The "final secret files" on three US assassinations that "shattered" the 1960s are due to be revealed, said CNN. Donald Trump has signed an executive order to declassify documents about the killings of John F. Kennedy, Robert F. Kennedy and Martin Luther King Jr. – to the delight of cynics and conspiracy theorists.
What happened to the three men? President Kennedy was shot dead by Lee Harvey Oswald on a visit to Dallas, Texas, in November 1963. Almost five years later, in June 1968, his brother Robert was assassinated in Los Angeles while campaigning to become the Democratic presidential nominee. Two months earlier, celebrated civil-rights leader Martin Luther King Jr. had been murdered in Memphis, Tennessee.

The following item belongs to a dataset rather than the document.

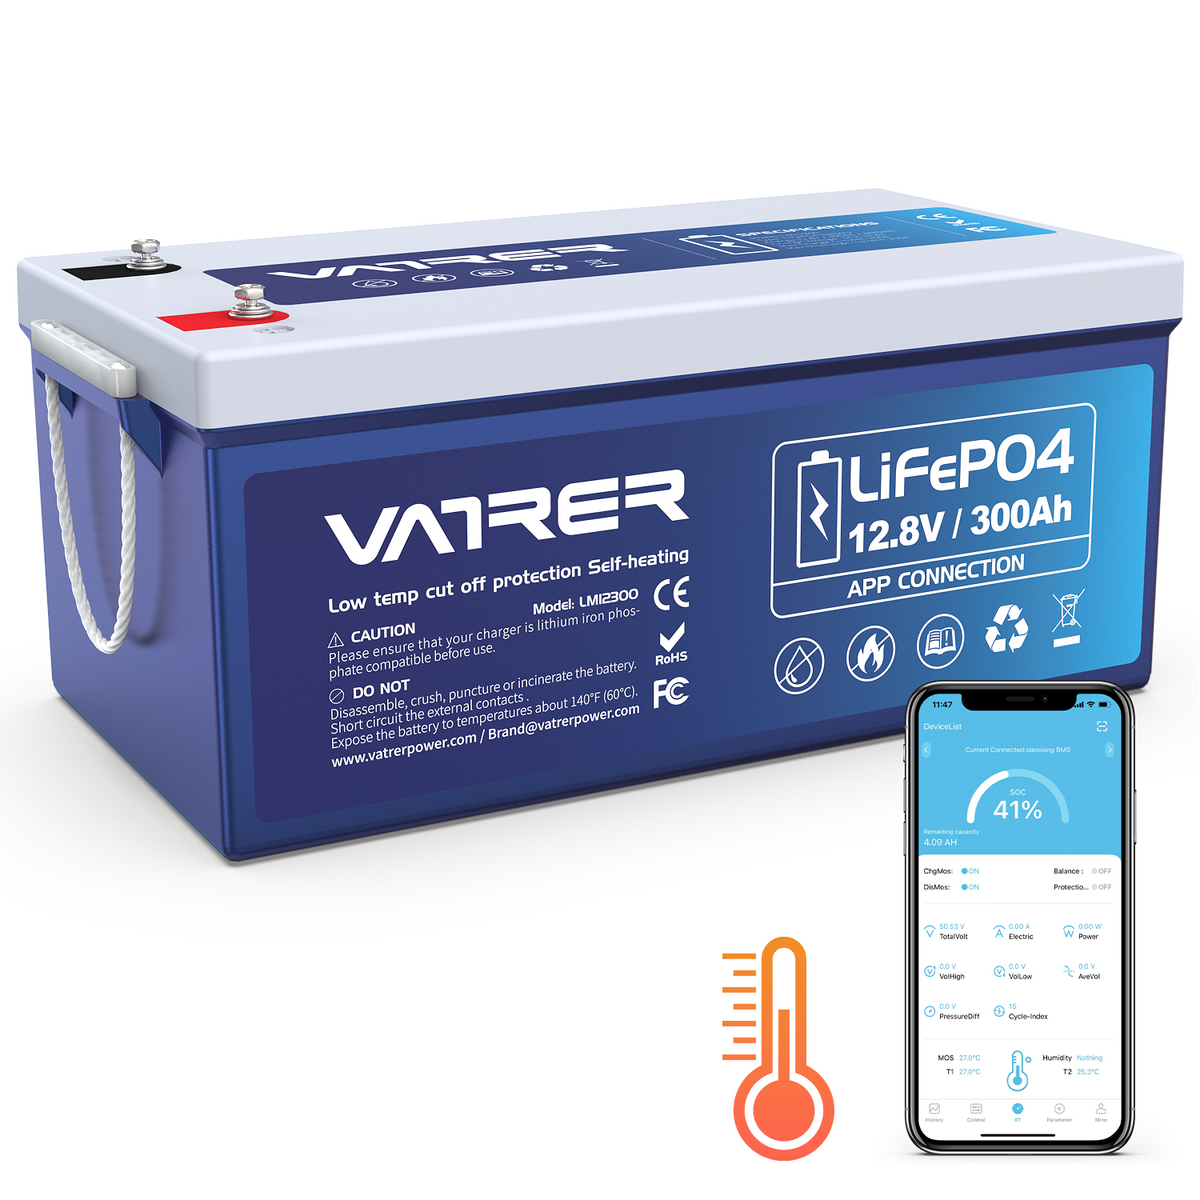 【Pre-order】Vatrer 12V 300AH Bluetooth LiFePO4 Lithium Self-Heating Battery CA 11
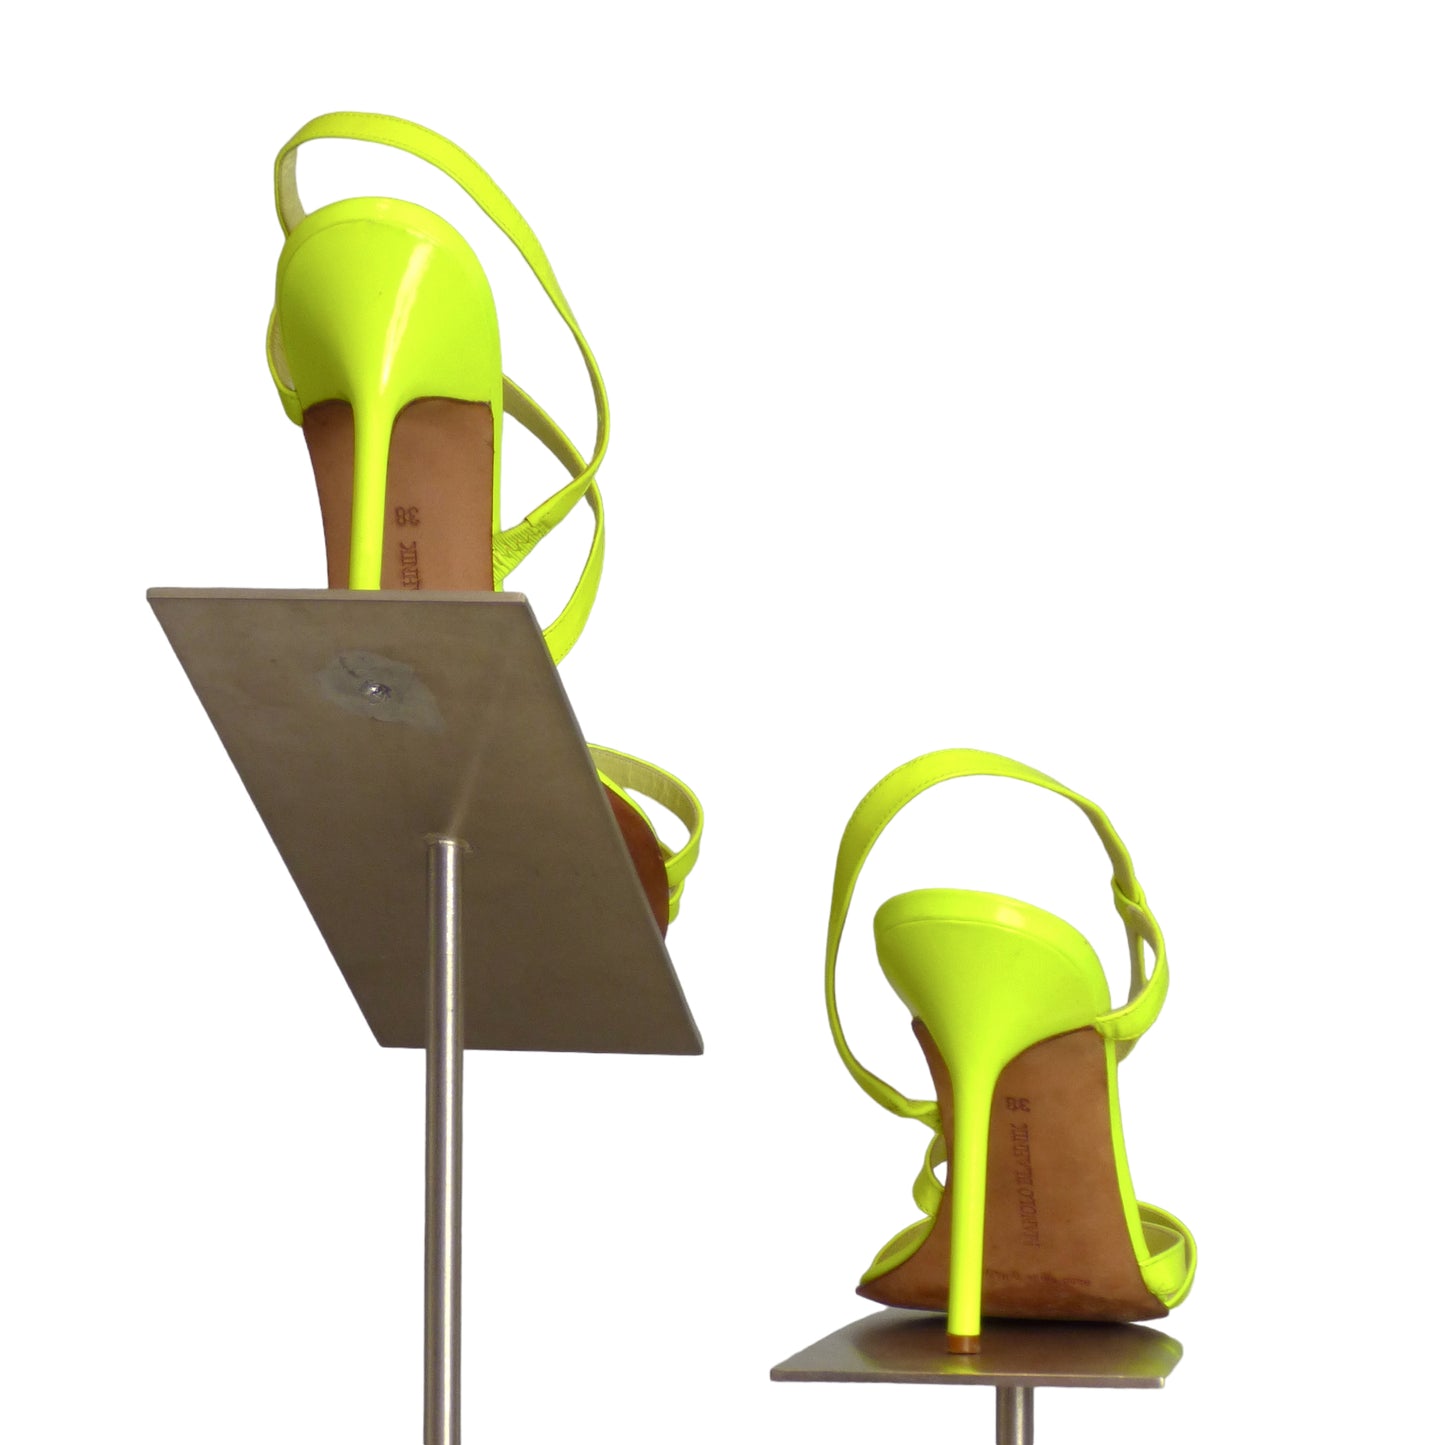 MANOLO BLAHNIK- Florescent Yellow Strappy Sandals Size-38

All three killings are mired in controversy. JFK's murder spawned a cottage industry of self-published skeptics. RFK's son Robert F Kennedy Jr., now Trump's nominee for health secretary, does not believe Sirhan Sirhan, the man convicted of his father's killing, was responsible. And King's relatives believe white nationalist James Earl Ray, who fired the deadly shots, did not act alone and was instead part of a larger conspiracy, particularly in light of the FBI's extensive surveillance of King.
When will the documents be released? According to the National Archives, 99% of records related to JFK's death have already been made public, although many were heavily redacted at the request of the CIA and FBI.
The US attorney general and head of national intelligence now have 15 days to "come up with a plan" to declassify the remaining JFK files, and 45 days to do the same for the other two cases, said Sky News. So it's "unclear" exactly when the newly unclassified details will "see the light of day".
What might they reveal? The remaining documents might clarify the extent to which the CIA was aware of, or even involved with, Lee Harvey Oswald before JFK's assassination – an issue at the centre of many people's suspicions, Jefferson Morley, editor of the JFK Facts newsletter, told The Washington Post. Others believe they might show that the CIA failed to report Oswald to the FBI before he killed the president.
Trump has said "everything will be revealed". But the new information, said CNN, "may not satisfy" those who hope it will "fully clear the veil of mystery" surrounding all three murders.